KEYWORDS. Cardiac resynchronization therapy, left ventricle, lead implantation.

The authors report no conflicts of interest for the published content.
Manuscript received December 14, 2019; Final version accepted January 14, 2020.
Address correspondence to: Gregory E. Supple, MD, 3400 Spruce Street, 9 Founders Pavillion, Philadelphia, PA 19104, USA. Email: gregory.supple@pennmedicine.upenn.edu.

Introduction

Cardiac resynchronization therapy (CRT) is a well-established treatment strategy for patients with heart failure with reduced ejection fraction and evidence of interventricular dyssynchrony.¹ An essential component of optimal CRT delivery is the placement of a left ventricular (LV) pacing lead through the epicardial venous system to recruit areas of delayed myocardial activation and restore synchrony. Despite preclinical and clinical studies supporting that CRT provides hemodynamic and clinical benefits, a significant proportion of patients receiving CRT remain nonresponders.^2,3 Among factors responsible for CRT nonresponse, suboptimal LV lead positioning represents an important technical component.⁴ Anatomical limitations imposed by the coronary venous system pose significant challenges to optimal LV lead positioning. A common bailout strategy is the surgical placement of LV epicardial leads. However, LV epicardial lead placement is associated with increased rates of complications such as renal insufficiency and infections.⁵ With the advancements made in tools and techniques for LV lead delivery, the implanting electrophysiologist now has a variety of approaches to adopt when encountering challenging LV lead implants to obtain the maximal clinical benefit. In this review, we discuss various challenges to achieving optimal LV lead implantation and explain strategies to overcome them.

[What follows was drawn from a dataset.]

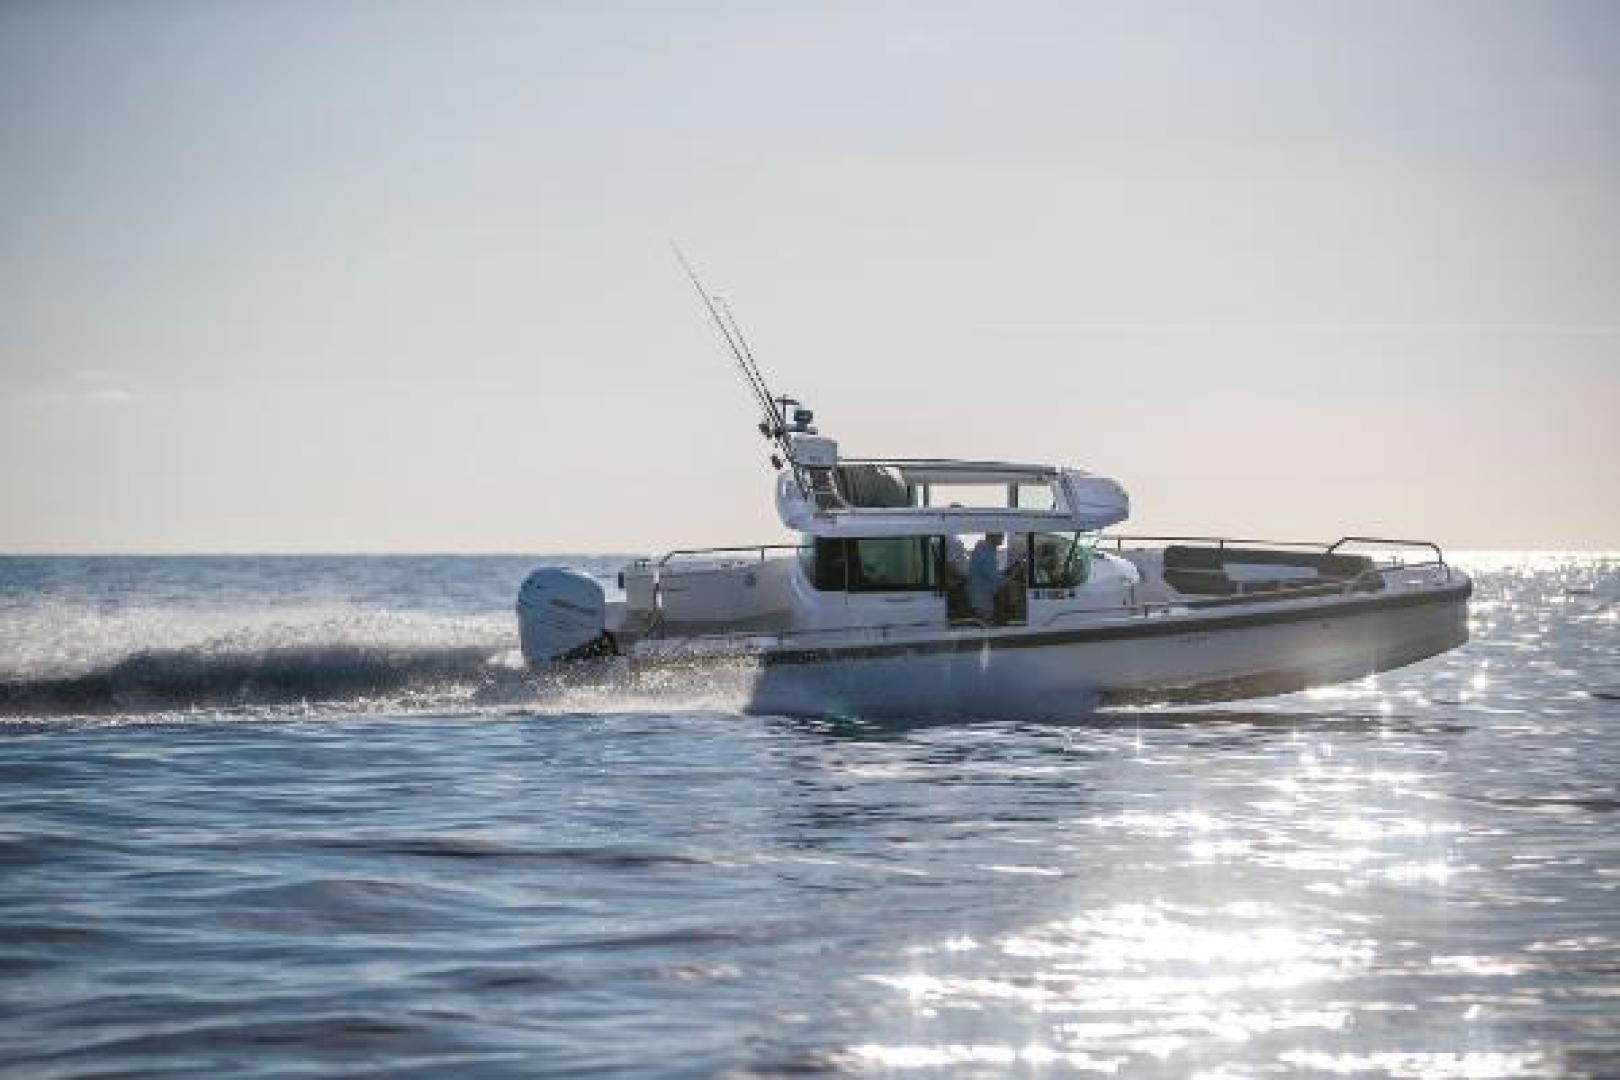 Axopar-28 CABIN 2020-Axopar 28 CABIN Tampa-Florida-United States-1531424 | Thumbnail

Coronary sinus clinical anatomy for left ventricular lead placement

The coronary sinus (CS) is the main vein of the venous system of the heart and runs posteriorly in the atrioventricular (AV) groove. The great cardiac vein in the anterior aspect of the AV groove joins with the main posterolateral vein to form the CS, which then drains into the right atrium. The CS is also met by other tributaries such as the middle cardiac vein (MCV) and small cardiac vein. Further, the great cardiac vein is united with the anterior interventricular vein in the anterior interventricular septum. As with other venous systems, the CS has valves. The ostium of the CS in the right atrium is guarded by the Thebesian valve, which can have a variable structure, sometimes completely covering the ostium and posing a challenge in CS cannulation. The valve of Vieussens demarcates the junction between the CS and the great cardiac vein and represents the termination of the main CS.⁶ The CS ostium is located in the right atrium in the posterior aspect of the interatrial septum. The Eustachian ridge lies in the anterior aspect of the CS ostium. In some cases, where the Eustachian ridge is prominent, there is often an accompanying sub-Eustachian pouch just posterior to the tricuspid annulus, which can provoke problems during CS cannulation.⁷ An additional vein, the vein of Marshall, is usually present and represents the embryological remnant of the left superior vena cava (SVC). In some cases of persistent left SVC or CS ostial atresia, the vein of Marshall is of a large caliber and may be cannulated for lead placement. The anterior interventricular vein is the largest of all the CS tributaries and runs in the anterior interventricular groove parallel to the left anterior descending artery. At the junction of the anterior interventricular vein with the GCV, anterolateral branches can sometimes be found and adopted for LV lead cannulation. The posterolateral veins drain the majority of the lateral wall of the LV and represent ideal targets for LV lead placement as they represent the site of latest activation during RV pacing and serve as the best site for resynchronization. The MCV is the most proximal tributary of the CS and runs in the posterior interventricular groove. Although not an ideal site for LV lead placement, the lateral branches of the MCV can be selected for LV lead implant, and cannulation of the MCV may also aid in the placement of LV leads in other posterolateral branches using advanced techniques.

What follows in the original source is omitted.